In this study, we aimed to identify the structural components and to clarify the biological activity in the site-specific conjugates of human Fas ligand extracellular domain (hFasLECD) with either fluorescein moiety (FL) or chicken egg-white avidin (Avi). The conjugates were characterized by molecular-weight measurement using MALDI-TOF mass-spectrometric analysis and by cell-death inducing activity measurement against a human colorectal cancer cell line, HT-29, using MTT cell-viability assay. Pretreatment effect with human interferon-γ (IFN-γ) on the cell-death inducing activity was evaluated.

Results

The mass-spectrometric analysis of the hFasLECD-Avi conjugate showed that it was possible to detect the signal peak of molecular-weight to electric charge (m/z) derived from the component involved in the covalent linking as the sum of the molecular-weight of unconjugated hFasLECD- and Avi-derivative subunits, in addition to the signals from each corresponding subunit component irrelevant to the covalent linking. The cell-viability assay revealed that both conjugates possessed a remarkable death-inducing activity against HT-29 cells in synergy with the pretreatment using human IFN-γ. Following 24 h pretreatment with 100 IU/ml of human IFN-γ, almost no viable cells existed after 72 h treatment with either 100 or 1000 ng/ml of FL-hFasLECD and hFasLECD-Avi conjugates.
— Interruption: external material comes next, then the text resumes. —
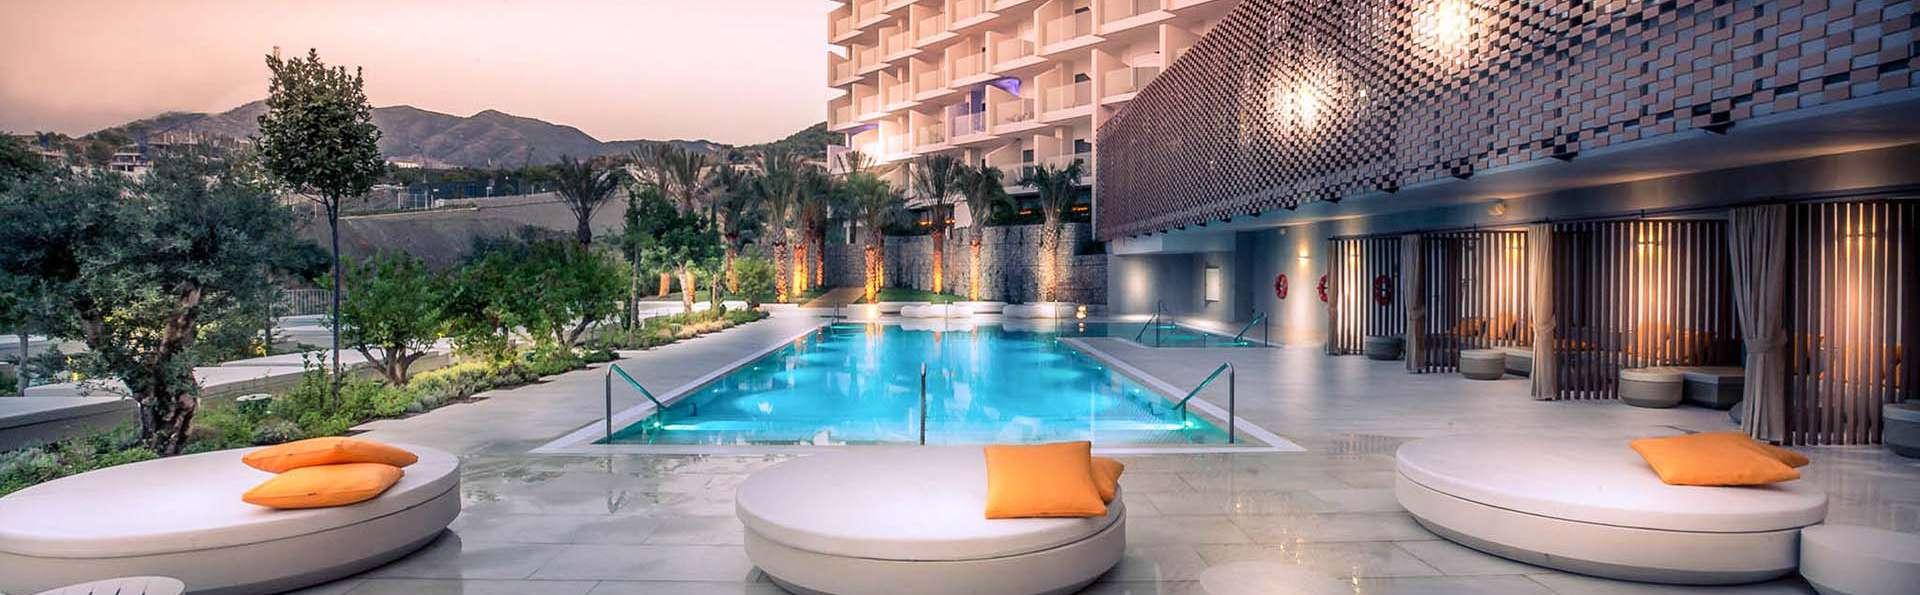 Higuerón hotel Málaga, Curio Collection by HILTON  - EDIT_MED_NOCHE_01.jpg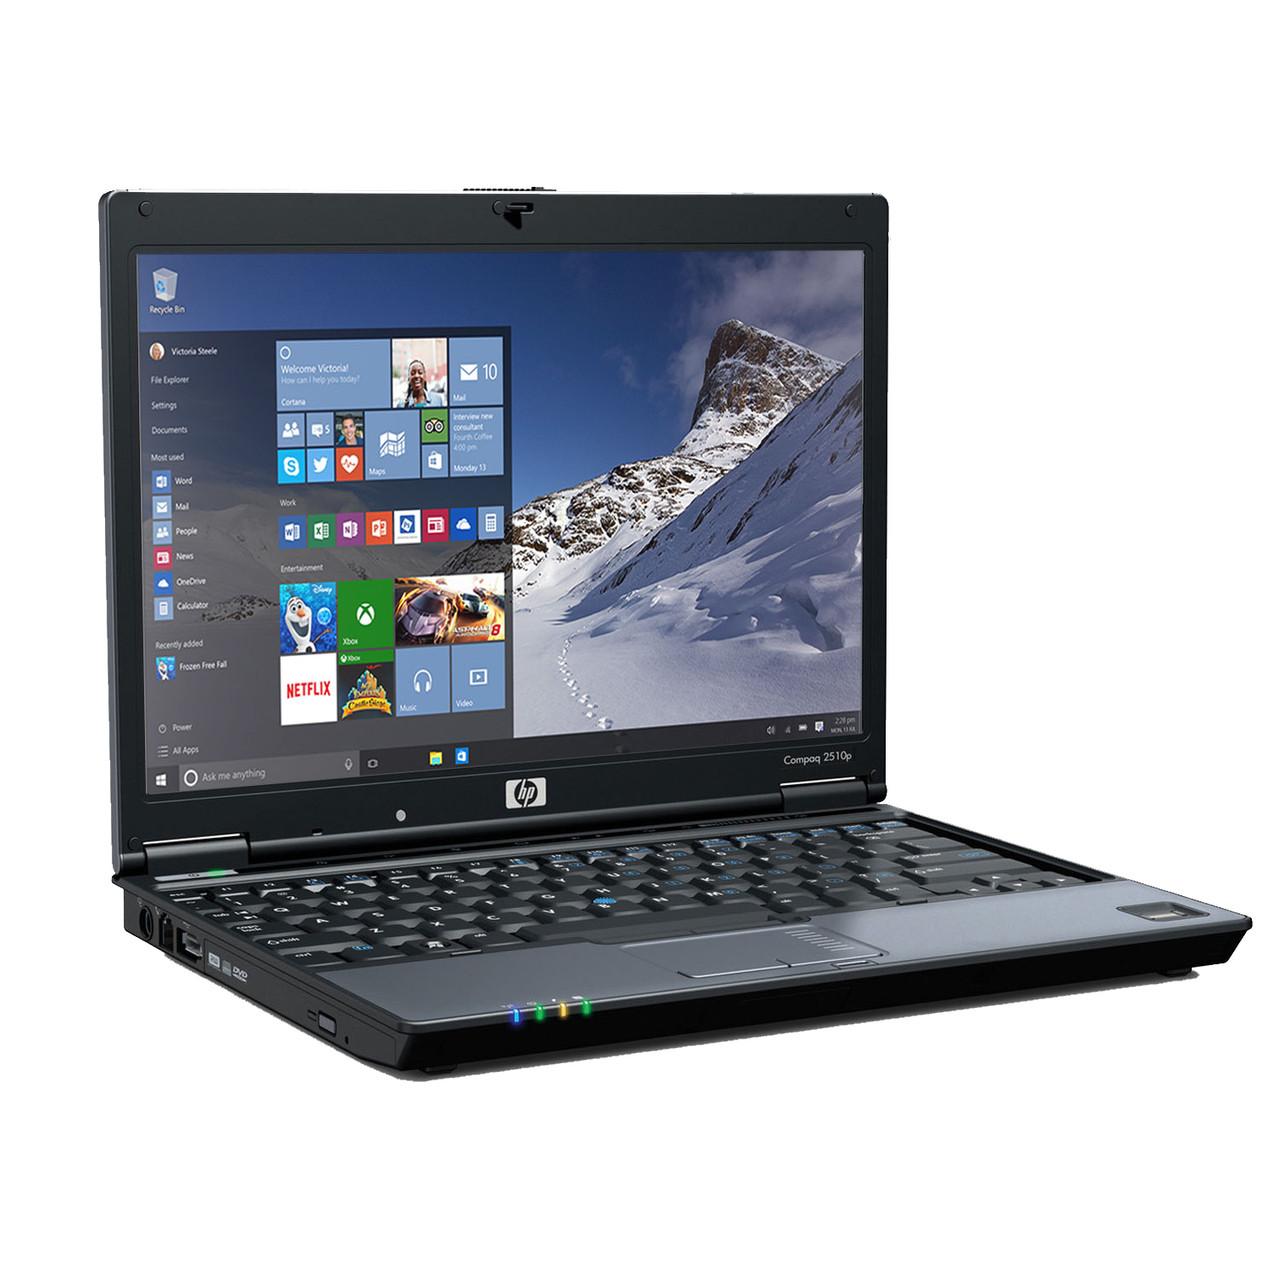 refurbished hp elitebook 2510p core 2 duo laptop on sale rh kelsusit com hp 2510p user manual HP Pavilion Desktop Manuals

Human Fas ligand (hFasL) is produced in many immune cells, predominantly by cytotoxic T-lymphocytes (CTL) cells and natural killer (NK) cells, and plays a central role of a major cell-death inducing factor in the elimination of diseased cells such as cancer cells and virally-infected cells in the human body [1]. The extracellular domain part of hFasL (hFasLECD) forms a complex with trimeric Fas receptors on the cell surface to trigger apoptosis of the target cells, which makes this domain attractive as a potential component of novel cytotoxic molecular tools for medical applications [2]. The soluble hFasLECD (26 kDa), excised from whole hFasL molecule (40 kDa) by matrix metalloproteinase-7, exhibited a substantially weakened cell-injuring activity [3,4,5], which can protect tumor cells from death caused by chemotherapeutic drugs [6, 7].

In previous studies, we developed an efficient secretory expression system of hFasLECD in Pichia pastoris [2, 8]. The derivatives of truncated hFasLECD (aa 139–281), containing site-specific chemical modifications of the Cys residue introduced at the amino-terminally attached tag sequence, retained the specific binding activity toward human Fas receptor extracellular domain. One of the derivatives showed the cell-death inducing activity against a human colorectal cancer cell-line, HT-29 cells, after cross-linking by an antibody [9]. The production of site-specific chemical conjugates was possible either by direct modification of the Cys residue with maleimide compounds [10] or by cyclo-addition reaction between trans-cyclooctene group (TCO) and methyltetrazine group (MTZ) [11]. The latter reaction was applicable to the conjugation of not only low molecular-weight compounds but also other functional proteins with molecular-weight similar to hFasLECD, such as egg-white avidin (Avi) and rabbit F(ab′) fragment, under mild conditions.

In this study, in order to directly identify structural components in the hFasLECD-Avi conjugate, the conjugate was characterized by MALDI-TOF mass-spectrometric analysis. A proinflammatory cytokine, interferon-γ (IFN-γ), also secreted from innate and adaptive immune cells, including CTL cells and NK cells, can induce intracellular apoptotic death progression [12]. IFN-γ has been suggested to sensitize antiproliferative agents-mediated apoptosis against several types of cells, either by increasing the expression level or by causing the re-localization of Fas receptor on the surface of target cells [13,14,15,16,17]. To explore such potentiating effects of IFN-γ in the case of external treatment with our site-specific chemical conjugates of hFasLECD, the cell-death inducing activity of fluorescein moiety-conjugated hFasLECD (FL-hFasLECD) and hFasLECD-Avi conjugate against HT-29 cells was evaluated in the presence or absence of pretreatment with IFN-γ using MTT cell-viability assay.

Materials and methods

hFasLECD-Avi conjugate was newly prepared according to the procedures in the previous paper [11]. The sample contained less than 10% of the unconjugated proteins as judged by the profile of size-exclusion chromatography (Additional file 1). FL-hFasLECD was prepared as described previously [10]. The conjugation ratio of fluorescein moiety at the reactive Cys residues was estimated to be 83%. Fluorescein conjugated bovine serum albumin (FL-BSA) was purchased from Thermo Fisher Scientific (A23015) and used as the negative control sample. Animal-derived-free recombinant human IFN-γ for cell biology was obtained from Wako Pure Chem. (093-06111) and used as a stock solution (1.0 mg/ml) dissolved in pure water. The biological activity and the endotoxin level were estimated to be 10 IU/ng and less than 0.01 ng/μg, respectively. All samples were kept frozen at below 253 K until use in the experiments.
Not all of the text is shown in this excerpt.